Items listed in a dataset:
== Segment start ==
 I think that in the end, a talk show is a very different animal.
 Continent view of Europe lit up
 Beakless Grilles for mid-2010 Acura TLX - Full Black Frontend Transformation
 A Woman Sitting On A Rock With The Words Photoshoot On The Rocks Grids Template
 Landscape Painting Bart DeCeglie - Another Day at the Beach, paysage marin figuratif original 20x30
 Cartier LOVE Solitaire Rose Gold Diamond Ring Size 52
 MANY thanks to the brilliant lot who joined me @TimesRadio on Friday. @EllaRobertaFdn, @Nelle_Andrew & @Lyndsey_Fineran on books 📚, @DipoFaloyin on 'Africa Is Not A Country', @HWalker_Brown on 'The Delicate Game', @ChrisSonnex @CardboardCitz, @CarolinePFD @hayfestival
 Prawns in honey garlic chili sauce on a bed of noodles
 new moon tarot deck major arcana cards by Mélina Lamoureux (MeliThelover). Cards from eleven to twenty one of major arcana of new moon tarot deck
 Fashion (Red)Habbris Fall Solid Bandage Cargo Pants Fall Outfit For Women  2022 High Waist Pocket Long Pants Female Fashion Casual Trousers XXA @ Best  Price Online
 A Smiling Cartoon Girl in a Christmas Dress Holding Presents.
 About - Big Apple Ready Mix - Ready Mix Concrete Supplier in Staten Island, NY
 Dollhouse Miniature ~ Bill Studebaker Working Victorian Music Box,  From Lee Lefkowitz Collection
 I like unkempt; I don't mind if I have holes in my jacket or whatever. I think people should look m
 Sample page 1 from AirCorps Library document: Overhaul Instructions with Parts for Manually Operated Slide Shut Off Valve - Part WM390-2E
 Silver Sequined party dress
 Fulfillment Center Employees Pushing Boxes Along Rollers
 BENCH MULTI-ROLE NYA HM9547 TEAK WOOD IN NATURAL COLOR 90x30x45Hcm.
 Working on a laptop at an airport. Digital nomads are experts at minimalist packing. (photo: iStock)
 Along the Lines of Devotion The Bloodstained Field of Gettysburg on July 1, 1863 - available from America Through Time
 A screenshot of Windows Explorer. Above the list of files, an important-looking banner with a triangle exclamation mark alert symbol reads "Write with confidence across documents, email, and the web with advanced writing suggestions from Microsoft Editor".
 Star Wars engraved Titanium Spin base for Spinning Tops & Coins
== Segment end ==
Work instructions:
Write all of the data above again, exactly as given.

Worked solution:
 I think that in the end, a talk show is a very different animal.
 Continent view of Europe lit up
 Beakless Grilles for mid-2010 Acura TLX - Full Black Frontend Transformation
 A Woman Sitting On A Rock With The Words Photoshoot On The Rocks Grids Template
 Landscape Painting Bart DeCeglie - Another Day at the Beach, paysage marin figuratif original 20x30
 Cartier LOVE Solitaire Rose Gold Diamond Ring Size 52
 MANY thanks to the brilliant lot who joined me @TimesRadio on Friday. @EllaRobertaFdn, @Nelle_Andrew & @Lyndsey_Fineran on books 📚, @DipoFaloyin on 'Africa Is Not A Country', @HWalker_Brown on 'The Delicate Game', @ChrisSonnex @CardboardCitz, @CarolinePFD @hayfestival
 Prawns in honey garlic chili sauce on a bed of noodles
 new moon tarot deck major arcana cards by Mélina Lamoureux (MeliThelover). Cards from eleven to twenty one of major arcana of new moon tarot deck
 Fashion (Red)Habbris Fall Solid Bandage Cargo Pants Fall Outfit For Women  2022 High Waist Pocket Long Pants Female Fashion Casual Trousers XXA @ Best  Price Online
 A Smiling Cartoon Girl in a Christmas Dress Holding Presents.
 About - Big Apple Ready Mix - Ready Mix Concrete Supplier in Staten Island, NY
 Dollhouse Miniature ~ Bill Studebaker Working Victorian Music Box,  From Lee Lefkowitz Collection
 I like unkempt; I don't mind if I have holes in my jacket or whatever. I think people should look m
 Sample page 1 from AirCorps Library document: Overhaul Instructions with Parts for Manually Operated Slide Shut Off Valve - Part WM390-2E
 Silver Sequined party dress
 Fulfillment Center Employees Pushing Boxes Along Rollers
 BENCH MULTI-ROLE NYA HM9547 TEAK WOOD IN NATURAL COLOR 90x30x45Hcm.
 Working on a laptop at an airport. Digital nomads are experts at minimalist packing. (photo: iStock)
 Along the Lines of Devotion The Bloodstained Field of Gettysburg on July 1, 1863 - available from America Through Time
 A screenshot of Windows Explorer. Above the list of files, an important-looking banner with a triangle exclamation mark alert symbol reads "Write with confidence across documents, email, and the web with advanced writing suggestions from Microsoft Editor".
 Star Wars engraved Titanium Spin base for Spinning Tops & Coins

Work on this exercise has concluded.